I've seen several new users go through these steps:

  1. post a code sample, without any other info, that contains multiple bugs
  2. get a fix for one of the bugs
  3. recompile and get a different error
  4. post a new question with nearly the same code but a different error

Usually, I and/or someone else will gently poke those users to let them know that they can edit their earlier questions instead of making a new post.

A certain new user made three such posts yesterday (one, two — 10k only, three) and just posted again about the same issue. I was about to post another comment asking him to edit an earlier post, but I noticed that his code today was somewhat different than it was yesterday.

Based on that code change, is this a legit separate question, even though it deals with the same topic discussed yesterday? One of the earlier answers even mentions code 450 vs. code 530. And, more generally, when is it appropriate to post a new question about a topic you've recently asked SO/SF/SU about, instead of editing the earlier post?

  • 2
    #2 was apparently merged with #1, since it is not visible even to 10k users.
    – mmyers
    Apr 28, 2010 at 20:16

3 Answers 3


If it is a different question that doesn't rely on the information from the first question, then you should ask it as a new question. For example, I once asked two separate questions about the same section of an application I am working on. However, the topics they cover were completely different and aside from the basic background on what that section of the app did, there was no need to share any information between them.

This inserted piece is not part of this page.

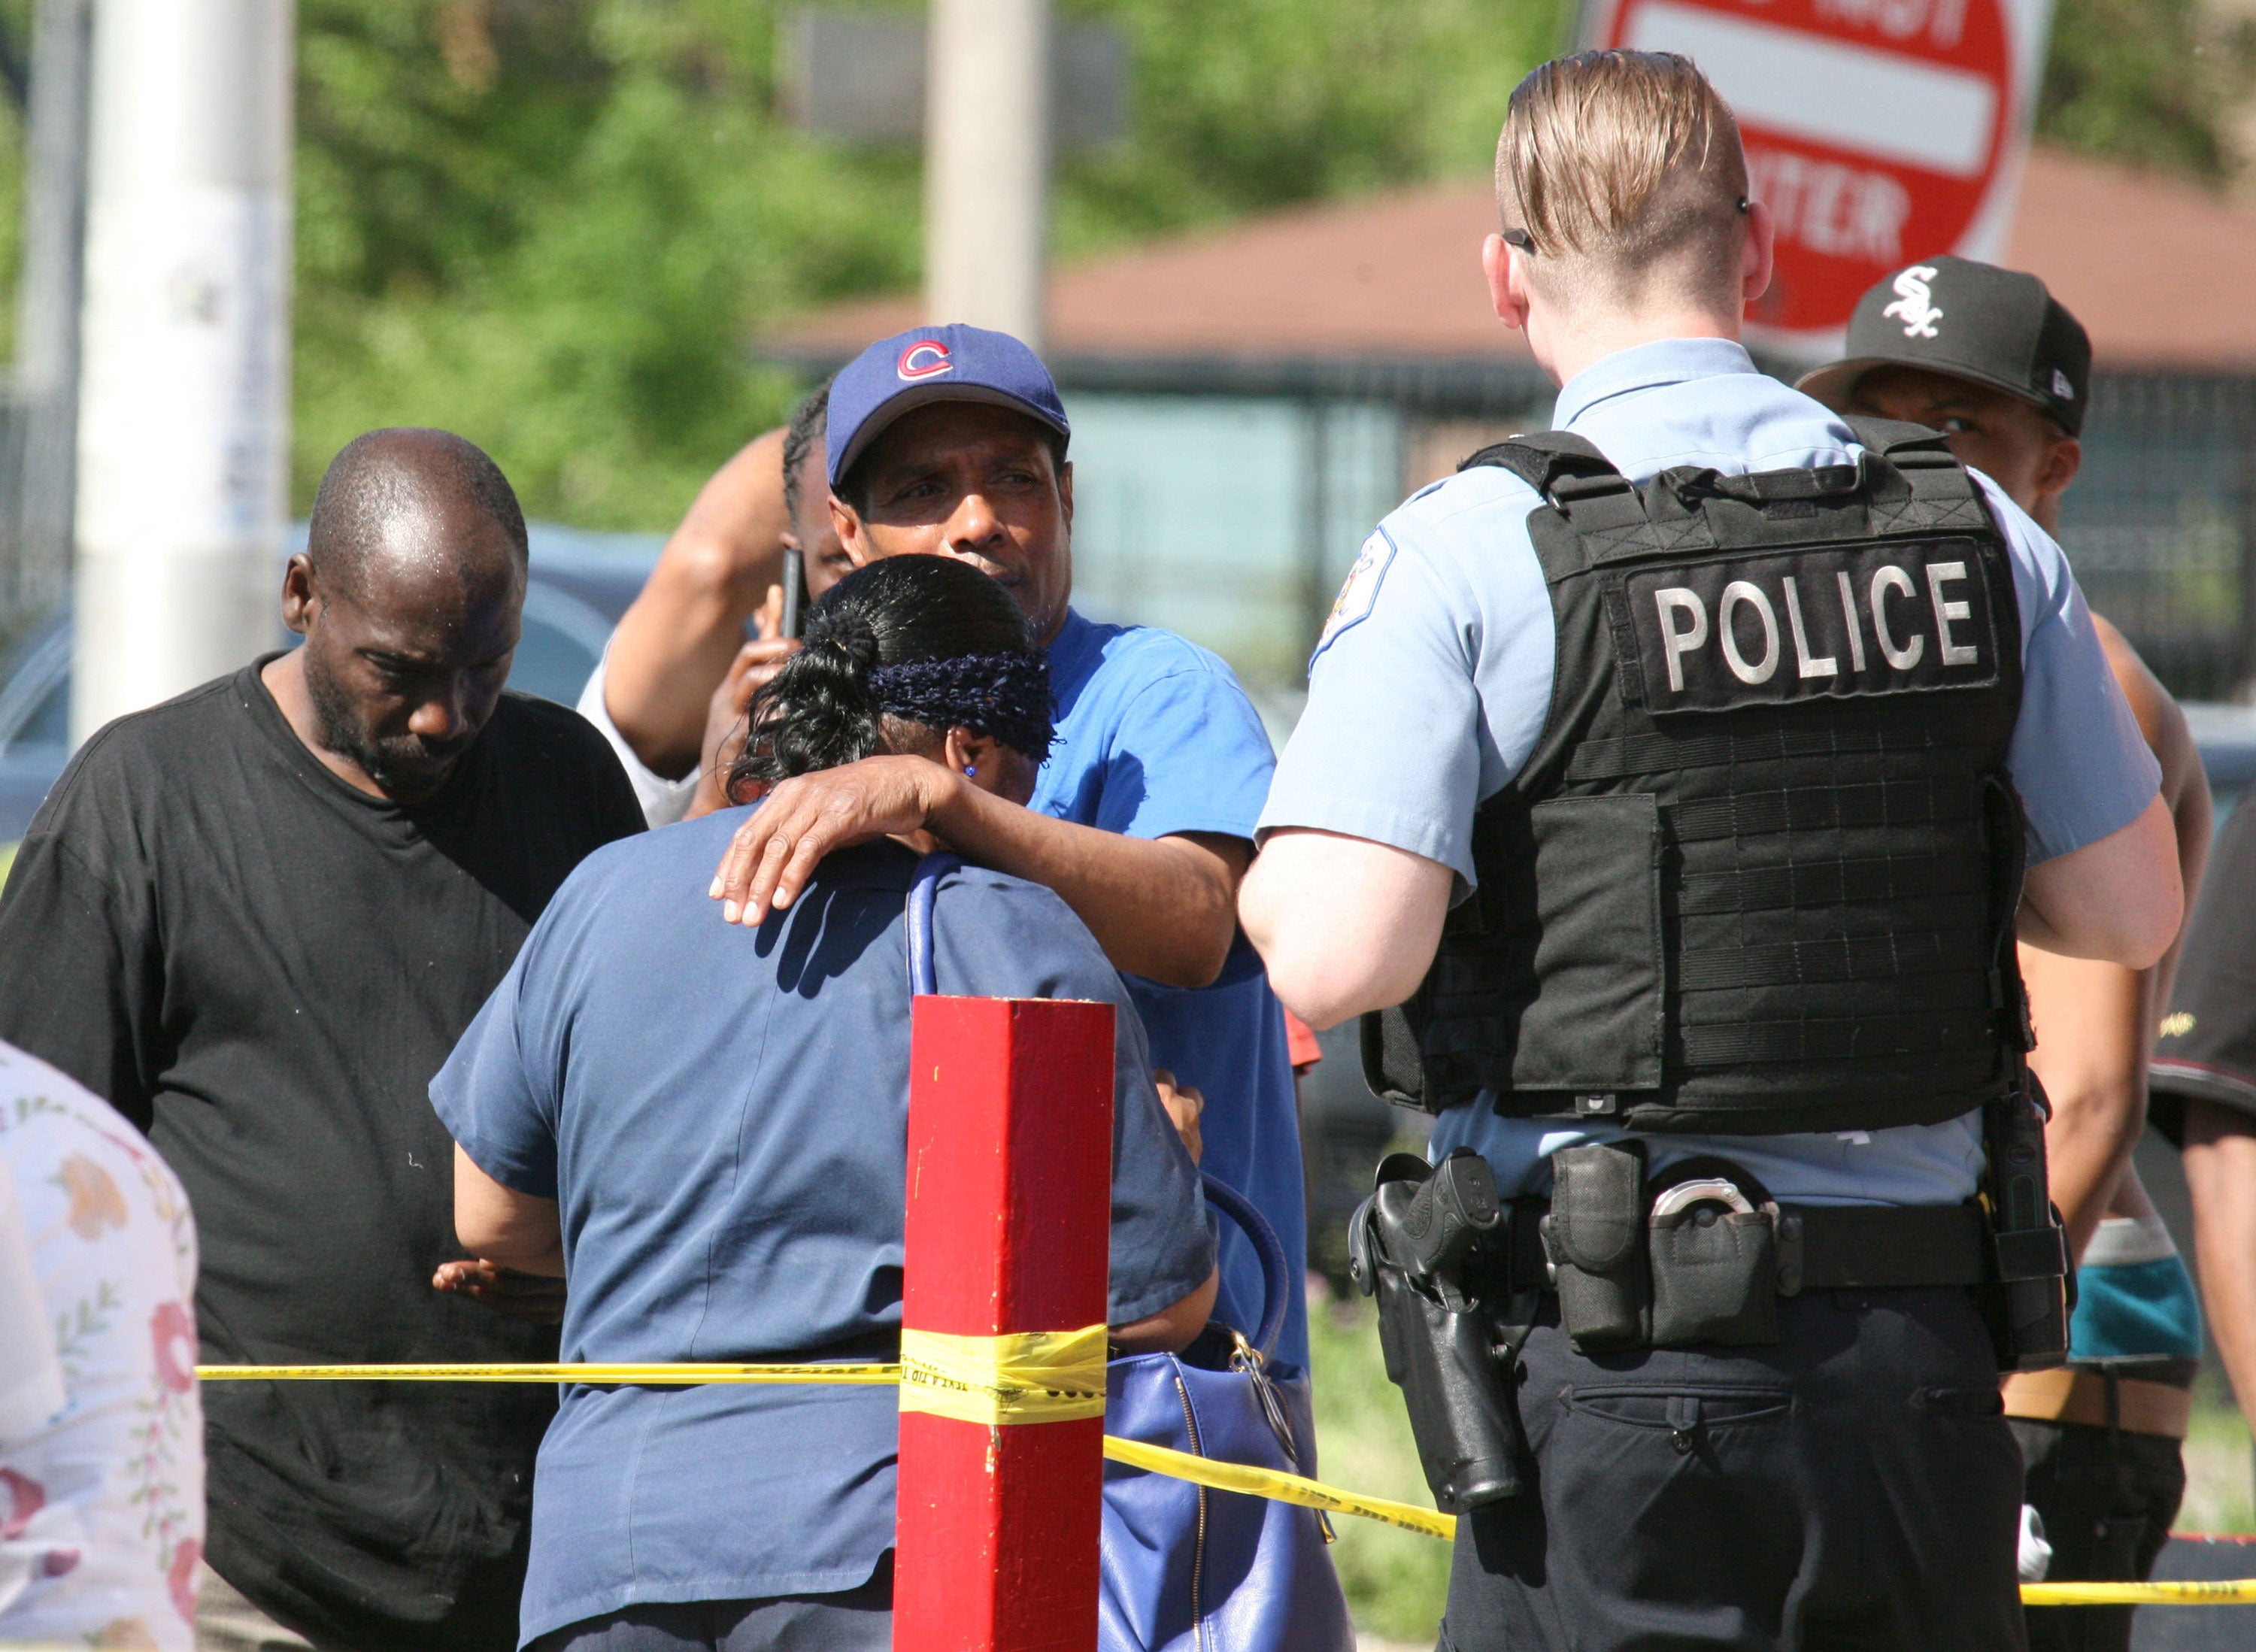 More Than 60 Shot in Chicago Violence Over Memorial Day Weekend

But if a significant part of your original question is key to the following question, then it really makes better sense to stay in the same question.


I'm not sure that extended debugging sessions are the right kind of question to be asking on SO. I think they'll have little if any value to future users of the site. If I don't start out with the same piece of buggy code, then I'm not likely to have the same set of errors.

Having said that, I think it calls for a new question if it deals with a new error. Once you fix the first problem then the answers to the original question still apply to that problem. It doesn't seem right to change the question to make those answers invalid. It also seems like you won't get any new answers if you add new information about a new bug you've uncovered, because your question will already have multiple answers.


It's a hard line to draw, and usually needs to be determined on a case-by-case basis. It really depends on how different the new situation is. The same project can have many different questions.